Slovenia eyes euro return

IFR 2025 22 March to 28 March 2014
5 min read
Emerging Markets
Davide Scigliuzzo, Sudip Roy

Slovenia’s rehabilitation with international investors could be complete in the coming weeks after the sovereign announced its intention to issue its first public euro-denominated bond transaction in three years.

The eurozone member, which is finally on the path to resolving a banking crisis that nearly forced it to seek a bailout, will meet investors throughout Europe from Monday as it plans to issue its first non-private bond in euros since two transactions in the first quarter of 2011, when it sold 10-year and 15-year notes, each for €1.5bn.

“It’s definitely good they are finally contemplating the euro market,” said a banker close to the deal. “It seems like there is interest in meeting them. The initial feedback has been very good.”

“The purpose of the deal is not to do the longest possible but to have a successful transaction and meet investor interest, while having a reasonable cost of funding,” added the banker. “Given that this is their return, they don’t want to do something too funky.”

Although leads say no maturity or size other than benchmark has been decided, market expectations are for the sovereign to seek to raise between €1bn and €1.5bn through a 10-year bond. The Ba1/A–/BBB+ rated country has a €1.5bn bond due to mature in April.

While the crisis in Crimea has cast a shadow over CEEMEA bond issuance over the past few weeks, market technicals are strong. Order books have been big for a number of recent euro deals, particularly from corporates.

Other Central and Eastern European sovereigns, including Latvia, Lithuania, Poland and Slovakia, have also been active in euros this year, showing there is a firm bid from European accounts for emerging markets risk.

“The purpose of the deal is not to do the longest possible but to have a successful transaction and meet investor interest”

An added attraction is Slovenia’s relative value.

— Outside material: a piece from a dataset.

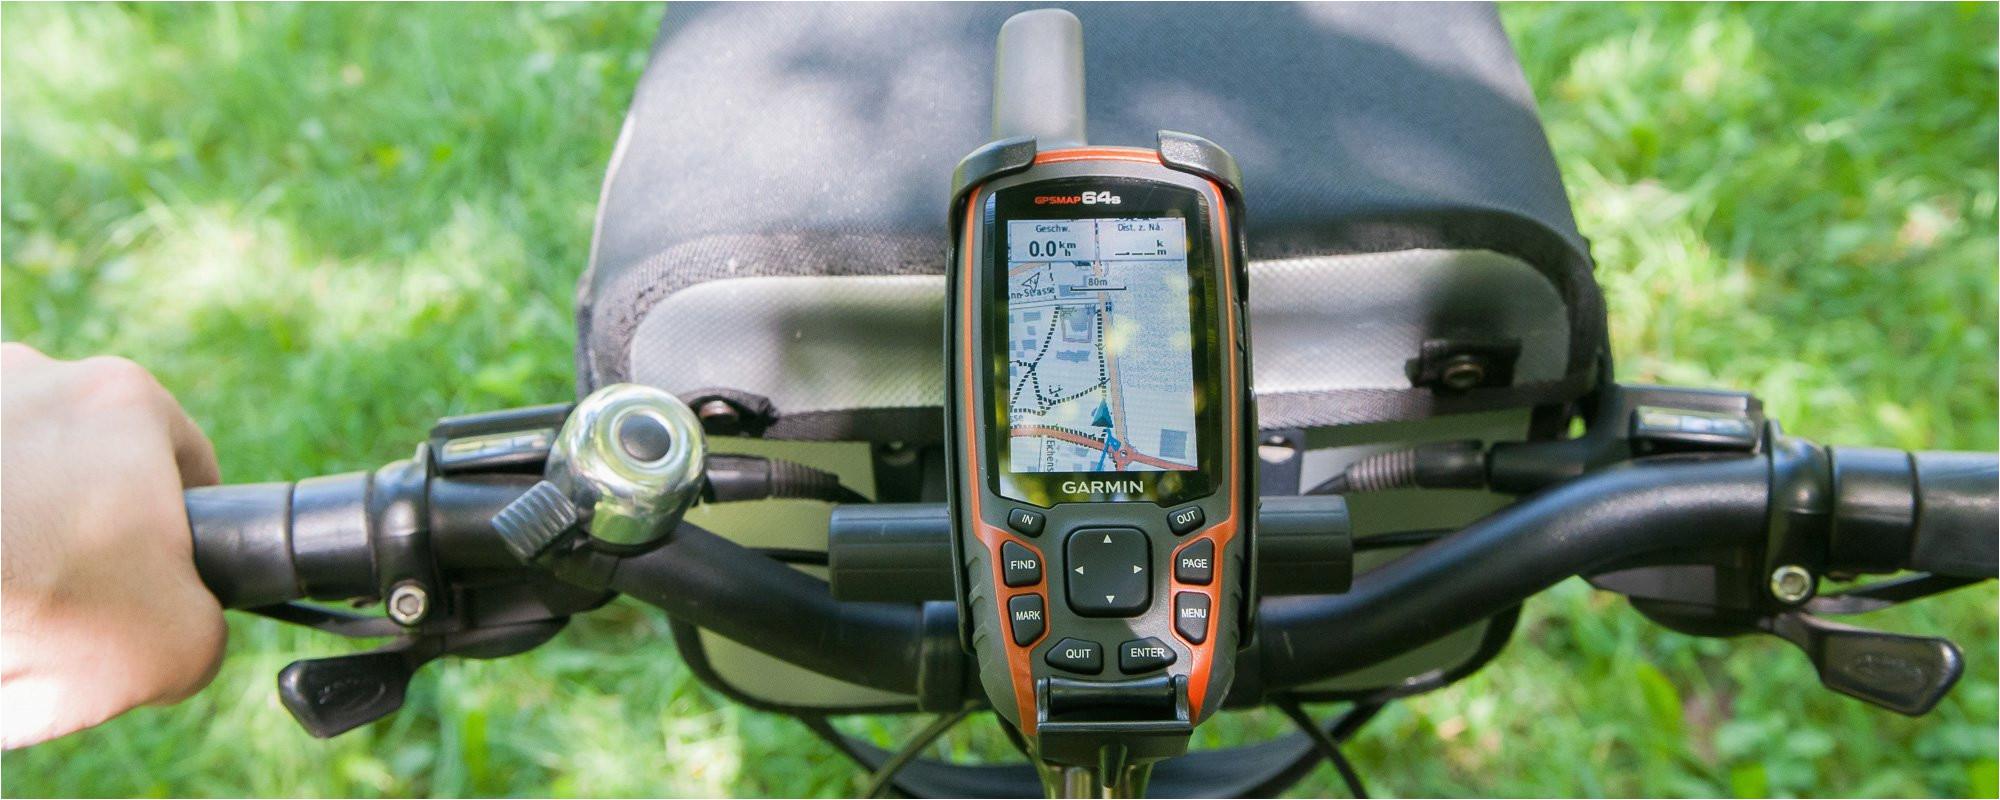 a garmin gpsmap 64s test robustes outdoor gps gerat

At 204bp, the Z-spread on its outstanding 2024 euro-denominated note is about 120bp more than higher-rated Poland (A2/A–A–), according to Thomson Reuters data, and 50bp wide of Spain, which at Baa2/BBB–/BBB is lower rated by both S&P and Fitch.

“It will definitely offer yield and spread in euros compared with other Central European sovereigns,” said a banker away from the deal.

Another said, however, it was unlikely the deal would price through Slovenia’s dollar curve. “It should be close to flat, but dollars should still be more cost-attractive,” he said.

Slovenia’s February 2024 dollar bonds are trading at a Z-spread of plus 215bp.

Turning to dollars

Slovenia tried to issue in the single currency in 2012, but although it hired banks and went on a roadshow, no deal emerged as the eurozone crisis deepened. It did issue a €1.5bn three-year bond in November but that was a private placement.

Unable to issue coupon-paying bonds in public markets in its own currency, Slovenia has been forced instead to turn to T-Bill auctions and investors in the US dollar market, including emerging markets accounts. The sovereign has issued in dollars on three separate occasions since October 2012, including a US$3.5bn dual-tranche offering this February.

Slovenia’s total external issuance target for the year stood at €4bn, according to RBS analysts, though the government has the capacity to borrow up to €7.7bn to pre-finance 2015–16. As for its refinancing requirements, Slovenia has €3.3bn of debt due in 2014, while another €1bn is needed to cover this year’s budget deficit, added the RBS analysts.

In December, the government identified a hole of €4.8bn in the banking system. The state immediately injected €3.2bn of capital – two-thirds in cash and a third in government bonds – into five banks. A further €441m will come from bailing-in subordinated bondholders. The government also started moving bad loans to a state bad bank.

Analysts are becoming more confident about Slovenia’s economic prospects. “Improving corporate profits and less severe real income adjustments offset the ‘credit diet’ the economy is on, which should permit a return to positive growth this year,” said Raffaella Tenconi, CEE economist at Bank of America Merrill Lynch.

The bank has raised its GDP growth forecast for Slovenia to 0.2% from –1.8% this year and to 0.9% from –1% for 2015.

The new euro bond, which will be sold in Reg S format, will be issued under local law and listed domestically but will be open to international investors.

The lead managers are Barclays, Commerzbank, HSBC, SG CIB and UniCredit.